After the lifting of the first lockdown, she found herself able to head to the studio on a regular basis. “My creative juices started flowing and it must’ve taken about a month of being in the studio but I found my rhythm; I was going in and coming out with concepts, ideas and full songs that I was in love with.”
Realising a lot about herself and the negativity she wanted to remove from her life, it has born the catchy new ‘Jealous’ featuring US rapper Rico Nasty. The head-bop inducing track offers an inversion of the way men and women are stereotypically conditioned to speak about themselves and what they’re told they should and shouldn’t feel. With the strains of a guitar, underlying trap and Mahalia’s signature soulful sound, the listener is taken on a journey - one that challenges them throughout. “I really wanted to capture how jealous and unsupportive friends can break your heart, more than any romantic relationship.” Never shy of exploring different sounds, Mahalia’s ‘Rizzla’ is also a sizzling new song featuring Jamaican reggae sensation Koffee. Capturing carnival vibes, wistful summer memories and romance on the dancefloor, the singer gives a nod to her Jamaican roots with a track that will undoubtedly be played on repeat for summers to come.

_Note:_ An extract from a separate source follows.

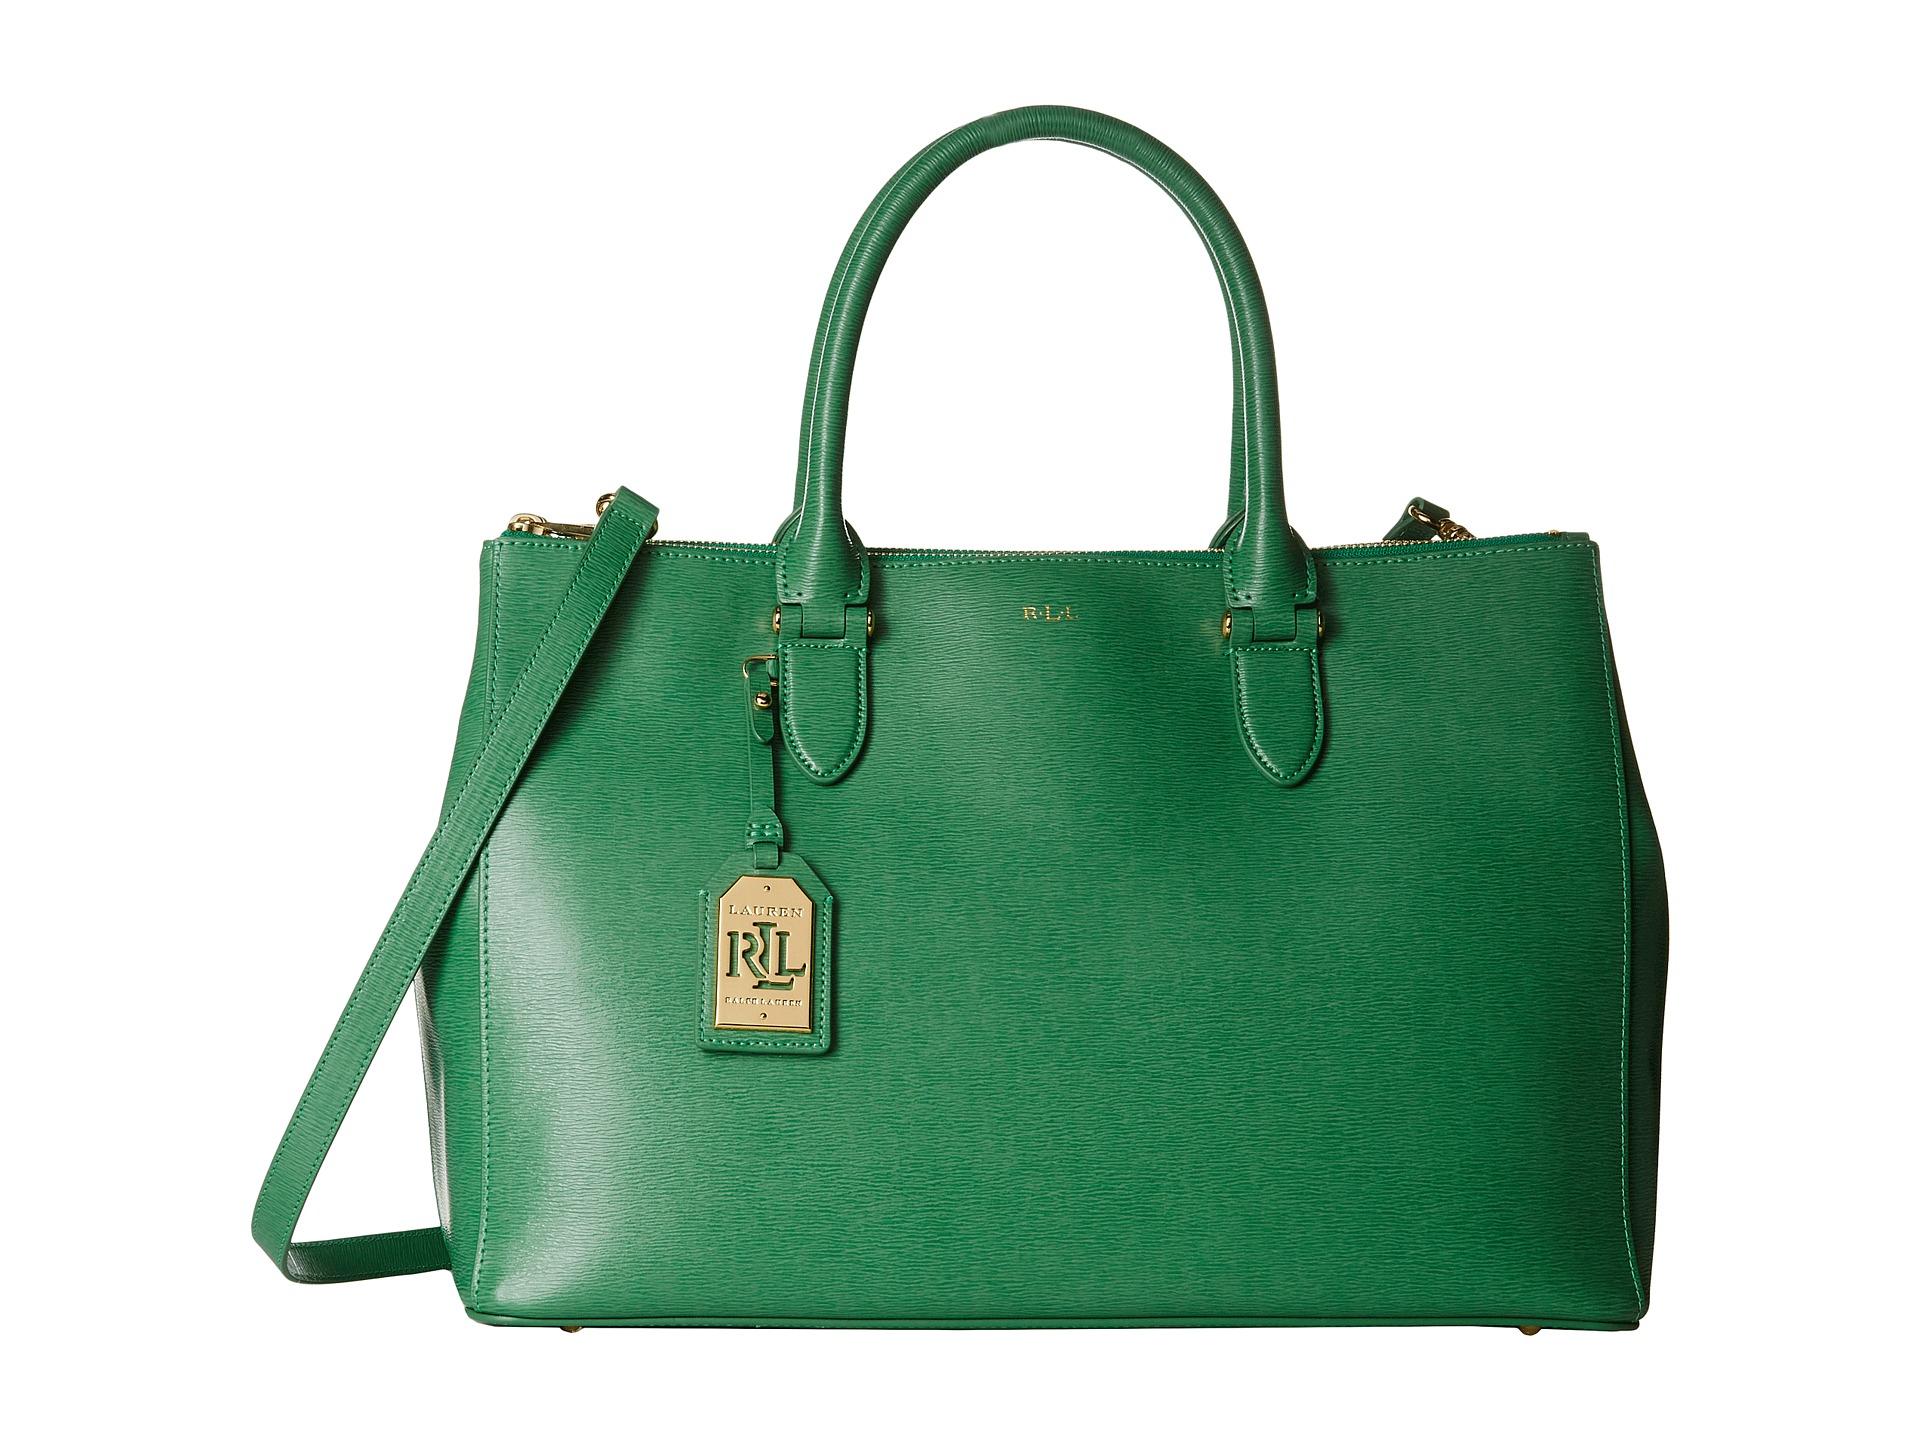 ab80f0d86d1 Lyst - Lauren by Ralph Lauren Newbury Double Zip Satchel in Green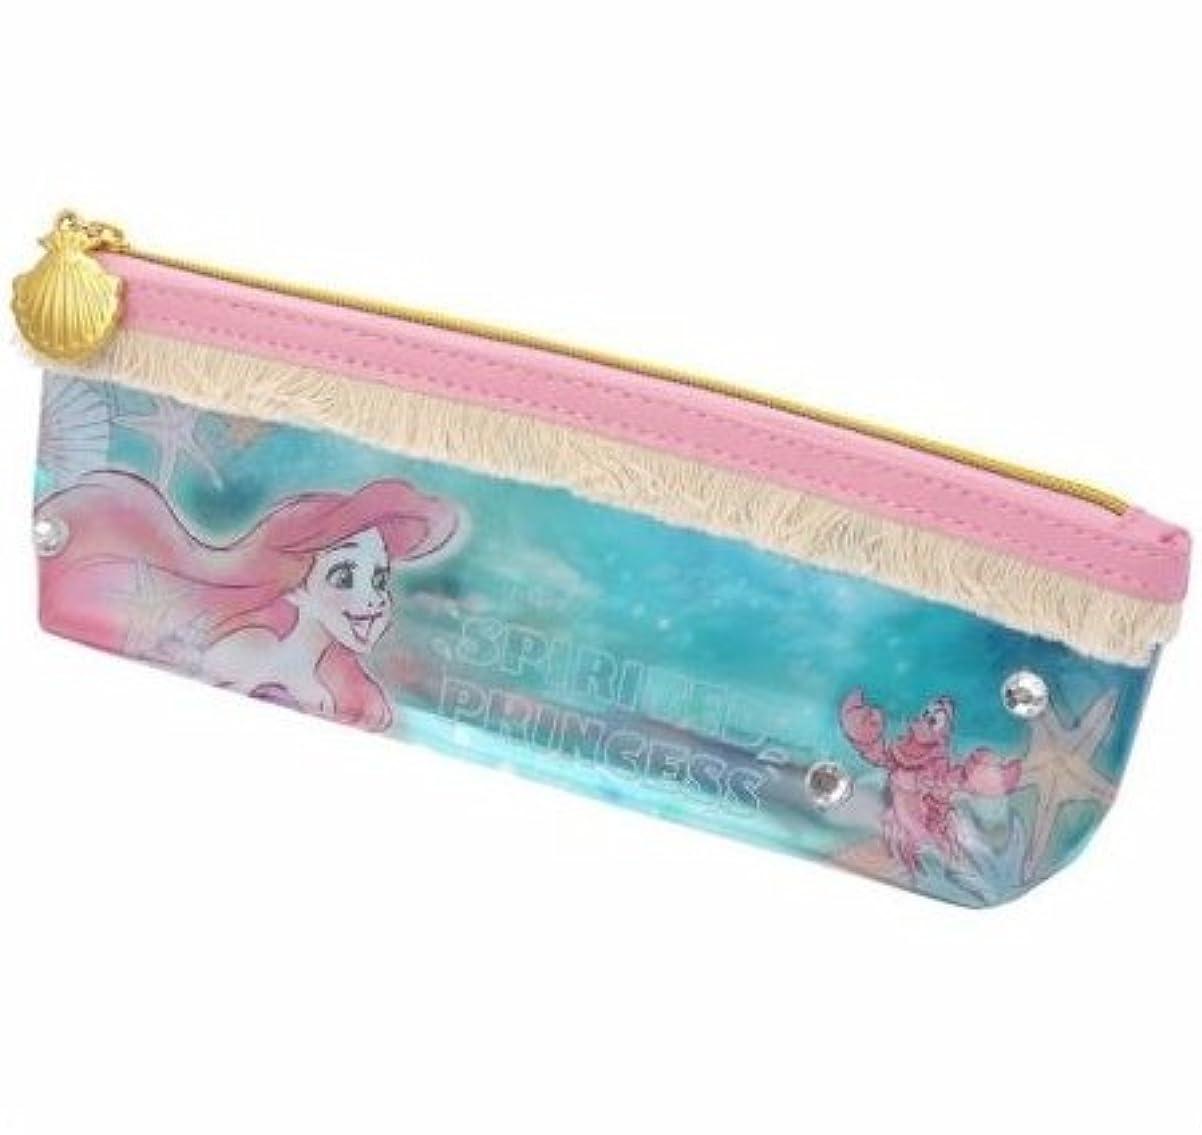 バリケードパトロール安価なアリエル Crystal Dream Mermaid 歯ブラシセット ディズニーストア

Reflection has been the thread running through Mahalia’s latest projects and while the current global situation offers little more than uncertainty and anxiously looking ahead, the singer hopes that her music will encourage her listeners to carve out time to also look back and re-evaluate: “We’re all fixated on how we can make ourselves better during and after this period of time but I want people to also reminisce on lovely or painful situations they’ve lived through and how they’ve helped shape the people they are now.”